Abstract 45: Characterization of a Novel Integrin Binding Protein that is Essential for αIIbβ3 Outside-in Signaling and Hemostasis

Abstract

Integrins are heterodimeric (α/β) membrane proteins that play fundamental roles in many biological processes, e.g. cell adhesion and spreading, which are important for platelet function and hemostasis. Integrin function is modulated by bi-directional transmembrane signaling: inside-out and outside-in, which is mediated through the interactions between integrin cytoplasmic tails and intracellular, regulatory proteins. Here, we show that VPS33B, a member of the Sec1/Munc18 (SM) family and component of the Class C core of the CORVET/HOPS sorting complexes, binds directly to the β subunit.
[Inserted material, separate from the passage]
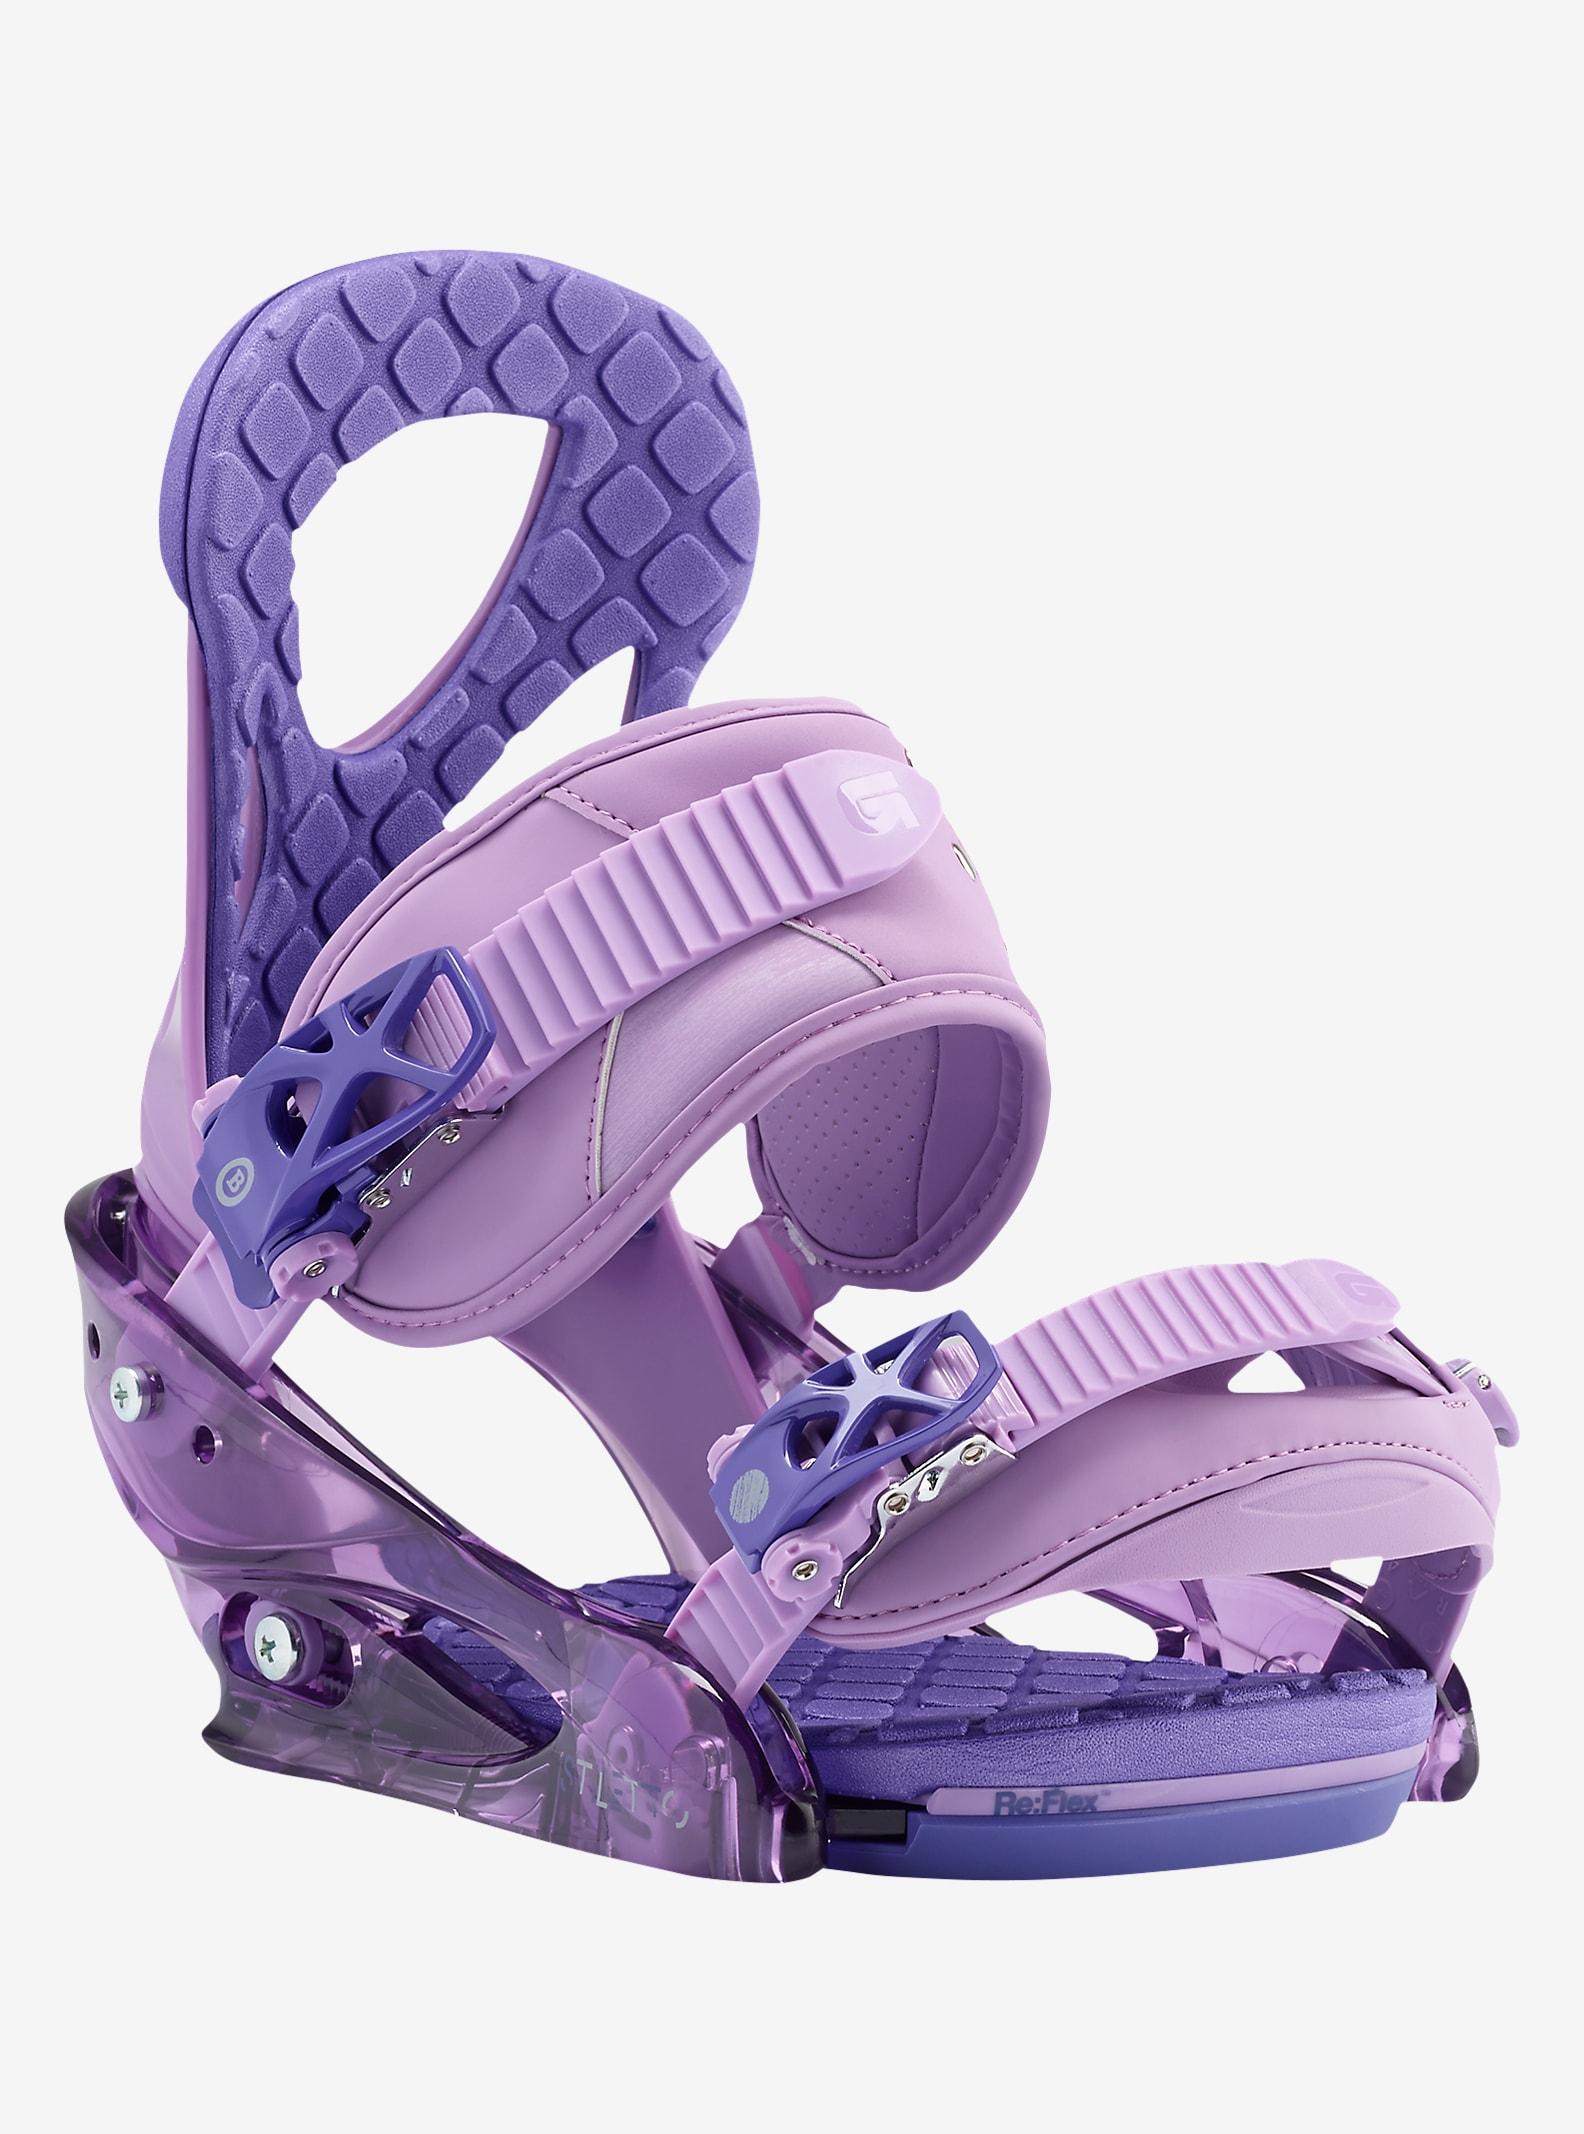 Burton Stiletto Snowboard Binding shown in Purple

Overexpression of VPS33B in CHO cells potentiated α_IIbβ₃ outside-in signaling but not inside-out signaling. Platelets, from megakaryocyte- and platelet-specific VPS33B conditional knockout mice we generated, had normal morphology yet their spreading on fibrinogen was impaired and they failed to support clot retraction. Platelet aggregation and ATP secretion in response to low-dose thrombin were reduced in the VPS33B knockout mice. α_IIbβ₃-mediated endocytosis of fibrinogen was also defective. Tail bleeding times were prolonged in the VPS33B knockout mice. Furthermore, VPS33B acted upstream of the RhoA-ROCK-MLC and Rac1 dependent pathways that leads to clot retraction and cell spreading, respectively. Our work demonstrates that vesicular trafficking complexes are a novel class of modifiers of integrin function and in hemostasis. Our data also provide insights into the molecular mechanism and treatment of ARC syndrome.